Directions >>
Pictures aside, print all of the data below exactly as written.

Data below >>
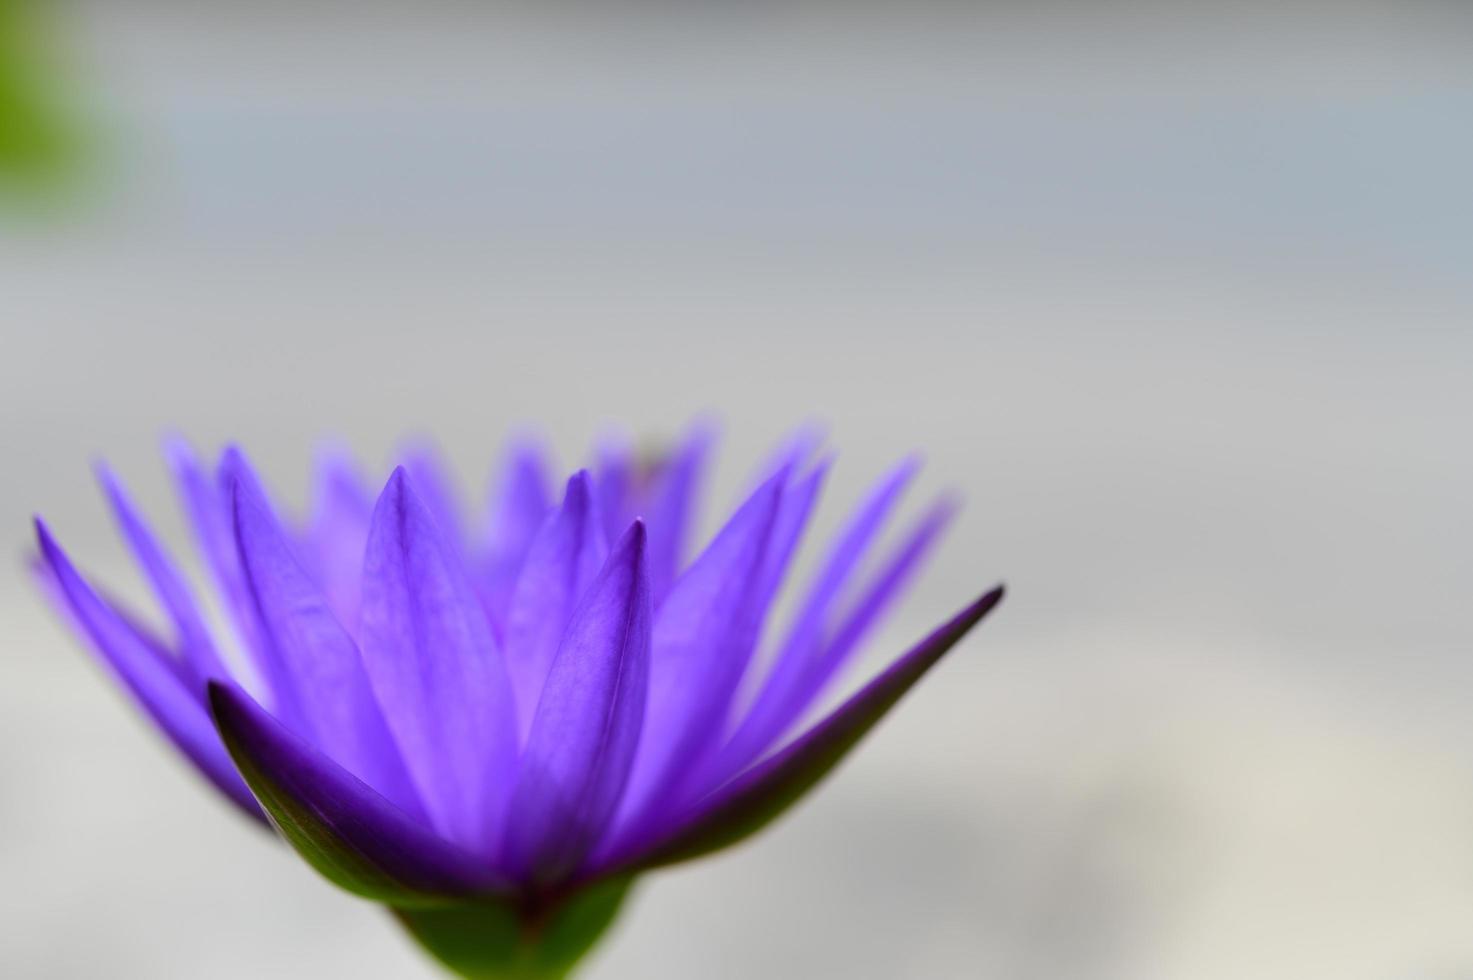 een paarse lotusbloem foto
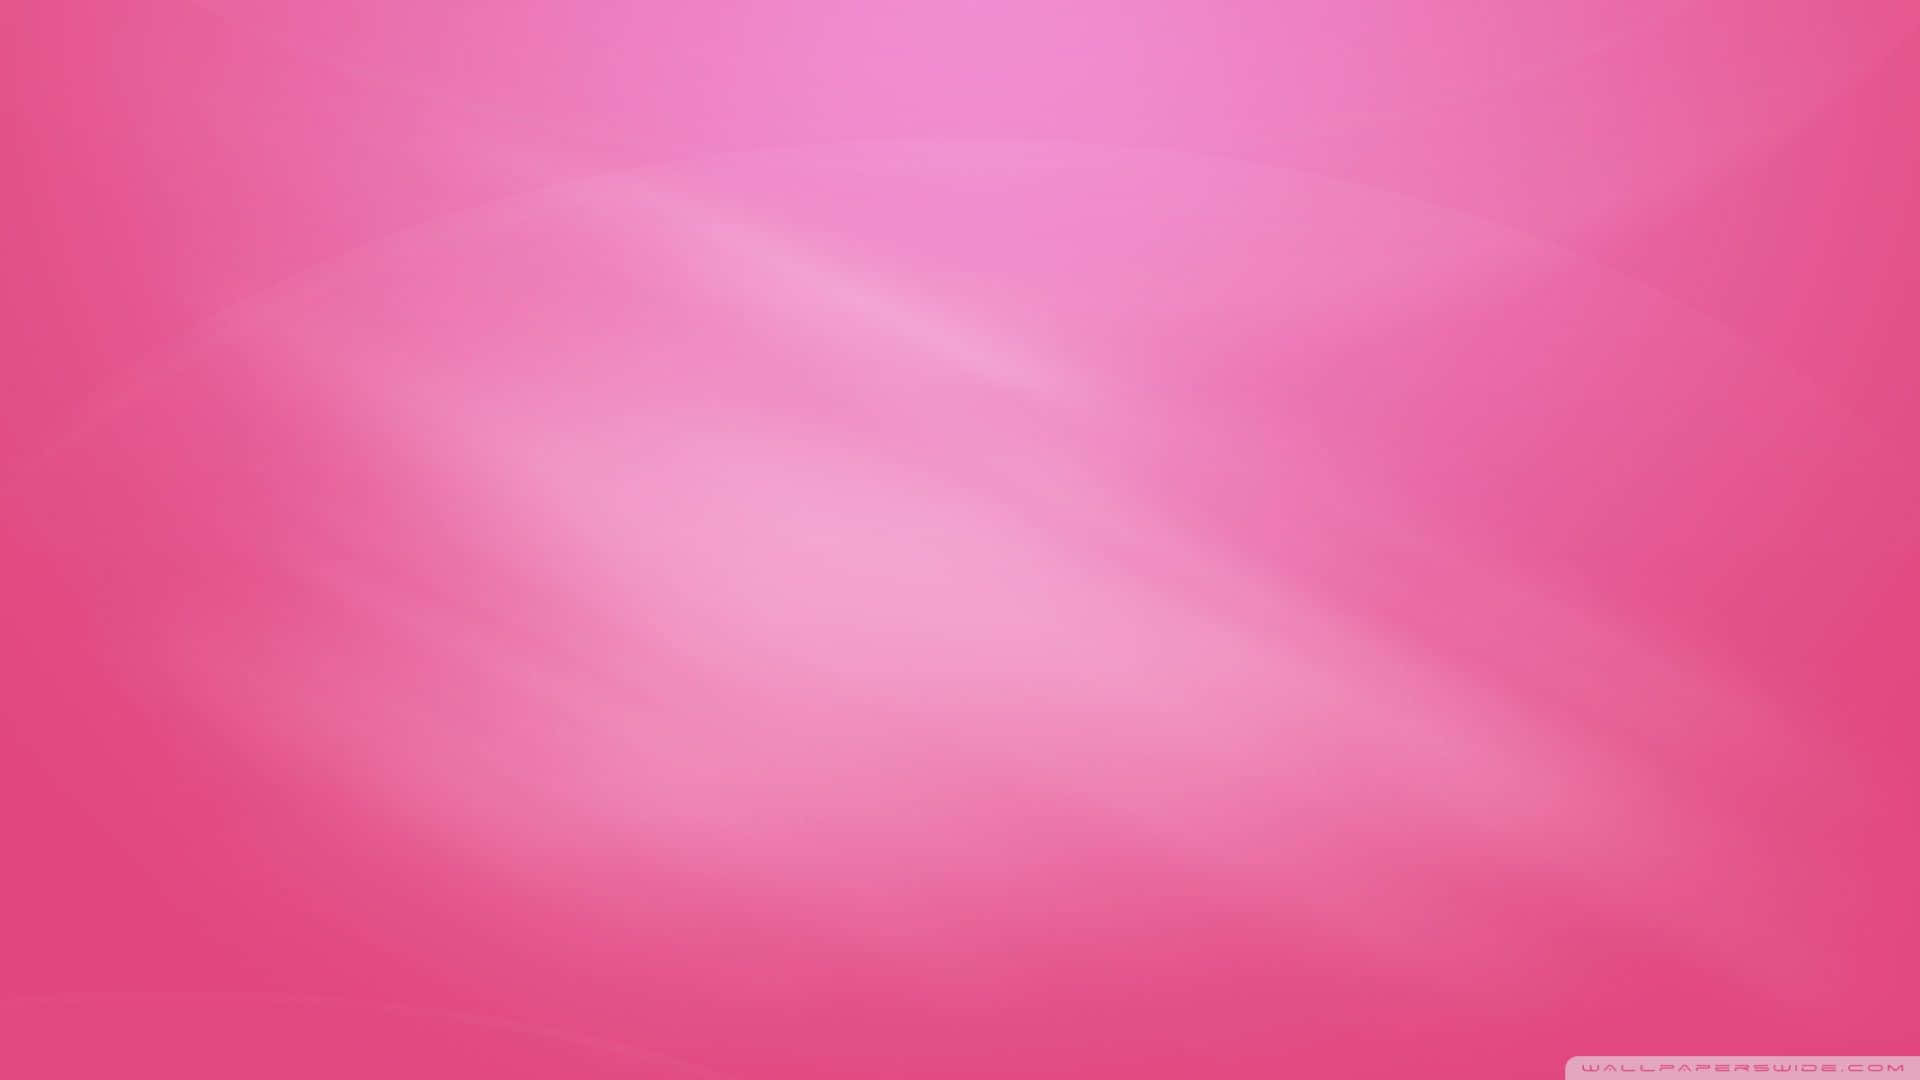 Lys og Sjov Solid Pink baggrund, perfekt til enhver anledning. Wallpaper
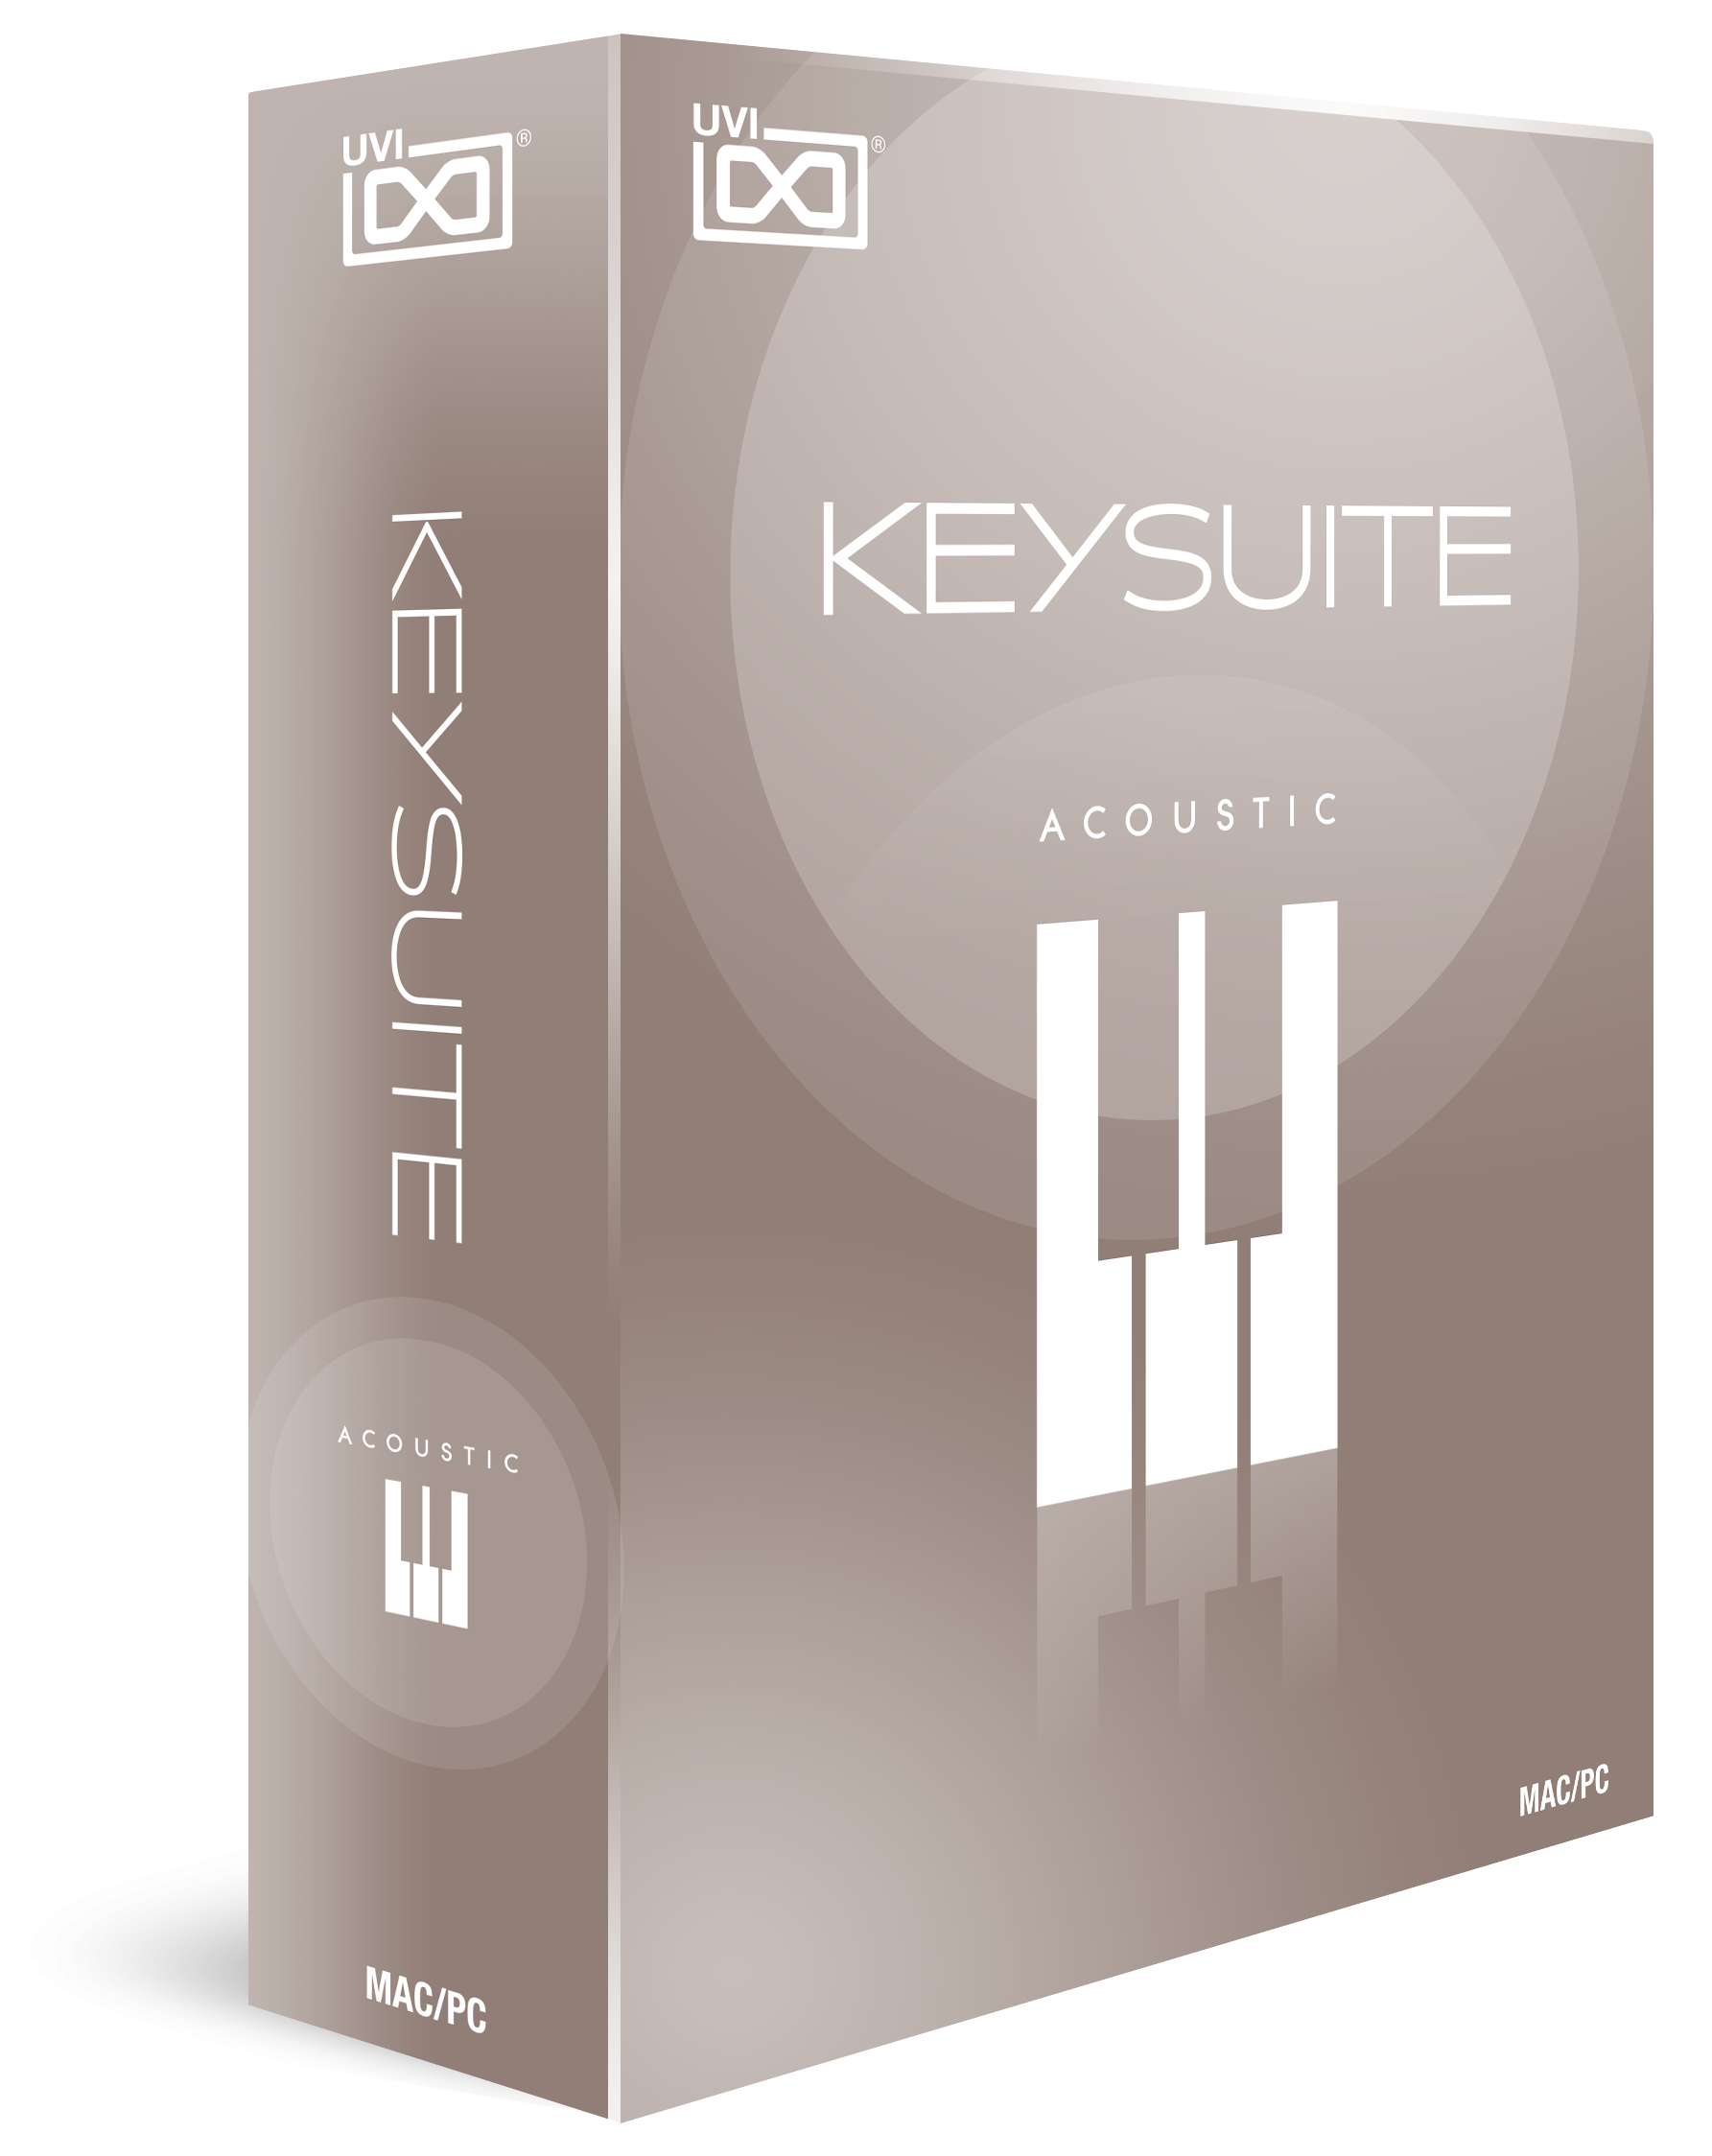 Key Suite Acoustic

Response to this exercise >>
 een paarse lotusbloem foto
 Lys og Sjov Solid Pink baggrund, perfekt til enhver anledning. Wallpaper
 Key Suite Acoustic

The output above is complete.